I basically agree with almost all of Paul's points here. Some small things to add:

Specifying a concrete set of evaluation results that would cause them to move to ASL-3. I think having some concrete threshold for a pause is much better than not, and I think the proposed threshold is early enough to trigger before an irreversible catastrophe with high probability (more than 90%). 

Basically agree, although I think the specifics of the elicitation methodology that we helped draft are important to me here. (In particular: only requiring 10% success rate to count a task as "passed"; making sure that you're using ~$1000 of inference compute per task; doing good scaffolding and finetuning on a dev set of tasks from the same distribution as the threshold tasks)
 

I’m excited to see criticism of RSPs that focuses on concrete ways in which they fail to manage risk. Such criticism can help (i) push AI developers to do better, (ii) argue to policy makers that we need regulatory requirements stronger than existing RSPs. That said, I think it is significantly better to have an RSP than not, and don’t think that point should be lost in the discussion.  

Agree. I'm worried about accidental creation of an incentive gradient for companies to say and do as little as possible about safety. I think this can be reduced if critics follow this principle: "criticism of specific labs on their RSPs makes sure to explicitly name other prominent labs who haven't put out any RSP and say that this is worse"

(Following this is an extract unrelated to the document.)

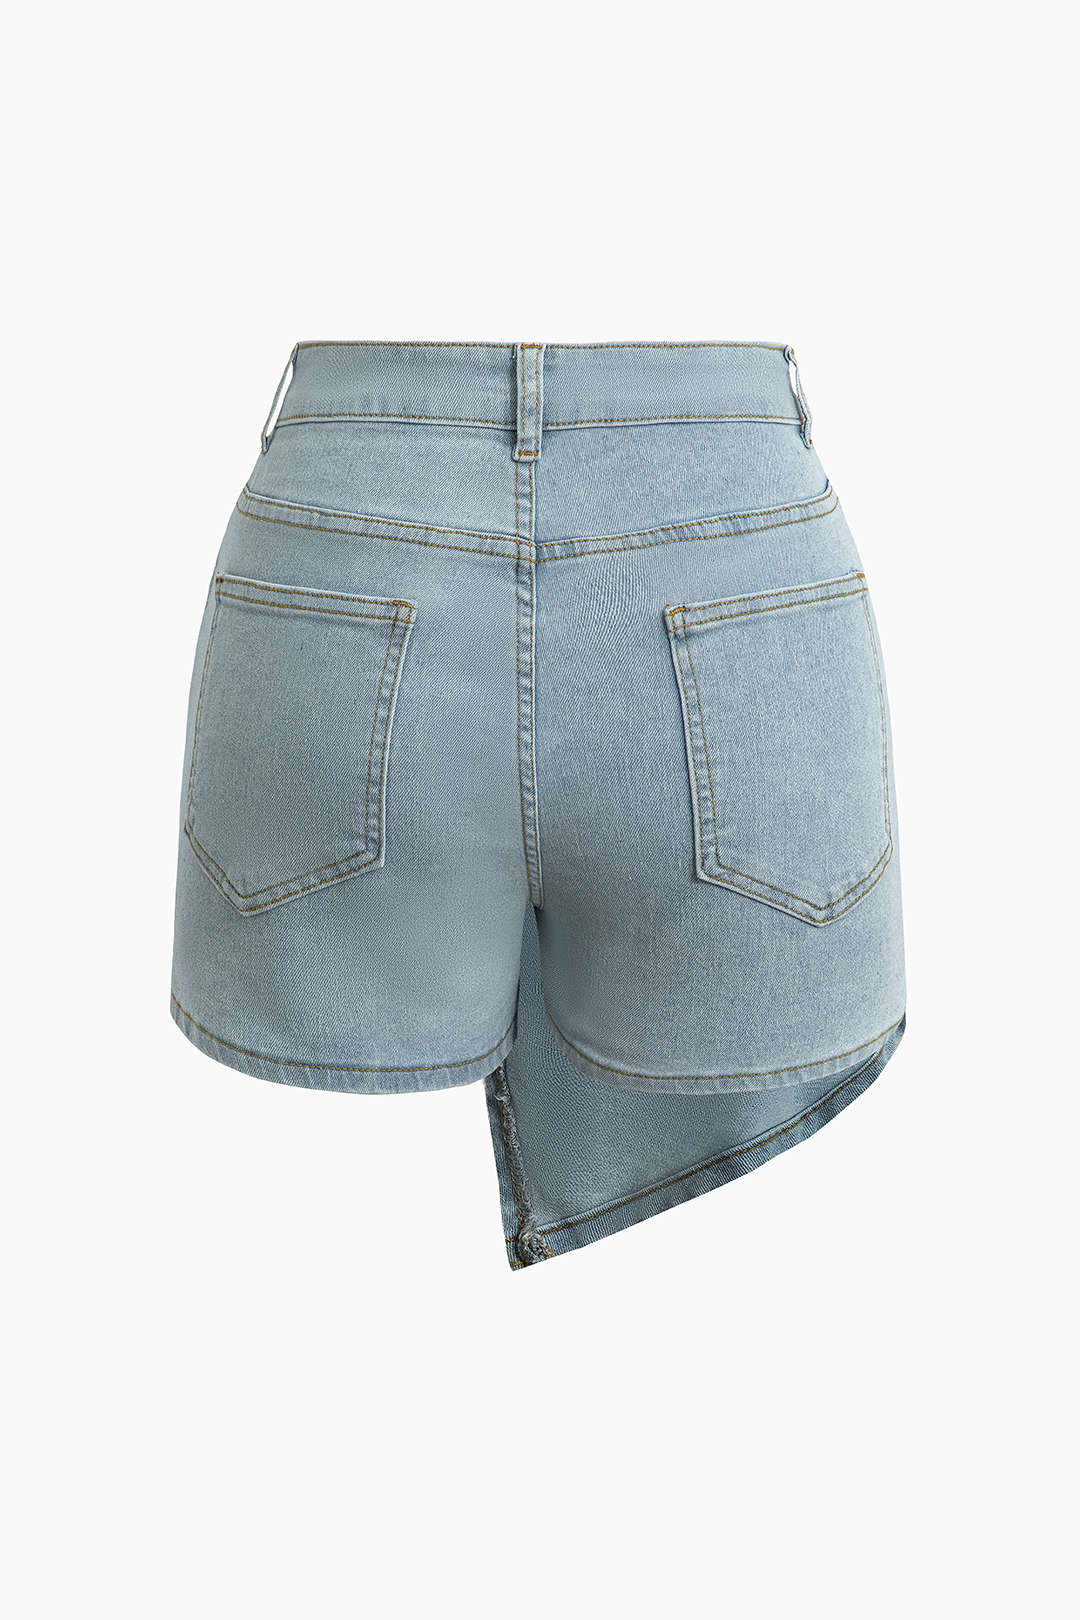 Wrap Denim Shorts

On the object level I'd be especially excited for criticism that includes things like:

  • Presenting risks or threat models that might occur before the model has the capabilities that the evaluation is intended to capture
  • Explaining how the specified evaluations may not capture the capabilities properly
  • Proposing or developing alternative evaluations
  • Arguing intervals of 4x effective compute between evaluations are too large and that we could blow past the intended capability limits
  • Pointing out ambiguities in the evaluation definitions
     

"The current level of risk is low enough that I think it is defensible for companies or countries to continue AI development if they have a sufficiently good plan for detecting and reacting to increasing risk."  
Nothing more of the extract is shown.